Craynon suggests filling out all important forms ahead of time, including power of attorney, wills, and advance directives. For caregivers with parents who are hesitant to discuss these matters, Craynon suggests this language: “As your child, I am concerned about knowing what you want. That is an important thing that I can do for you—honor your wishes—but you have to tell me what they are.”

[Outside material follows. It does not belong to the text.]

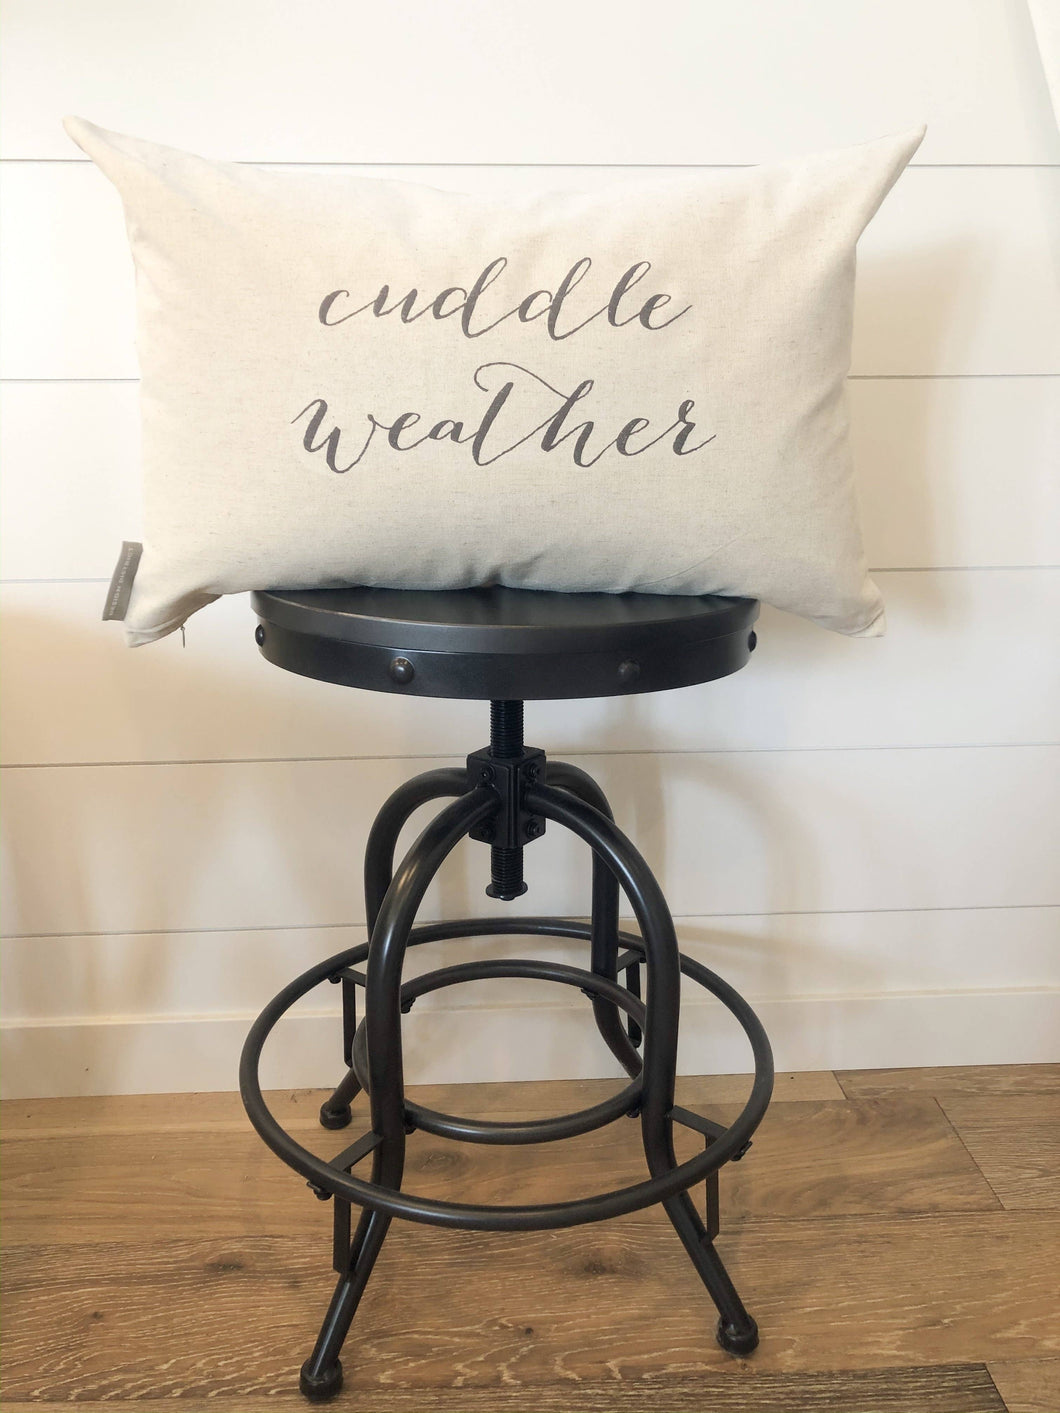 Cuddle Weather Pillow

Rosemary Allender, who provided geriatric care services to families before retiring, agrees. She encourages families to design a plan of care that minimizes caregiver stress, expands support systems, and maximizes independence and quality of life for those who require care. “The most important thing is to have open communication and conversations long before the family faces the crisis of how to care for Mom or Dad,” she says. “Call a family meeting and bring family members together to create an action plan to implement if faced with a long-term caregiving crisis. Everyone can’t do everything, but everyone can do something. These conversations, if held in advance, make responding to the needs of elderly family members much easier.”
In 2011, former first lady Rosalynn Carter offered one of the most apt and moving descriptions in a written testimony for a Senate Special Committee on Aging: “There are only four kinds of people in the world: Those who have been caregivers. Those who are currently caregivers. Those who will be caregivers. And those who will need caregivers,” she said. As I prepare emotionally to continue to age, I prepare for the possibility of being a caregiver by remembering that because my life is blessed, every day of my life I am caring in some way for someone, and someone is caring in some way for me.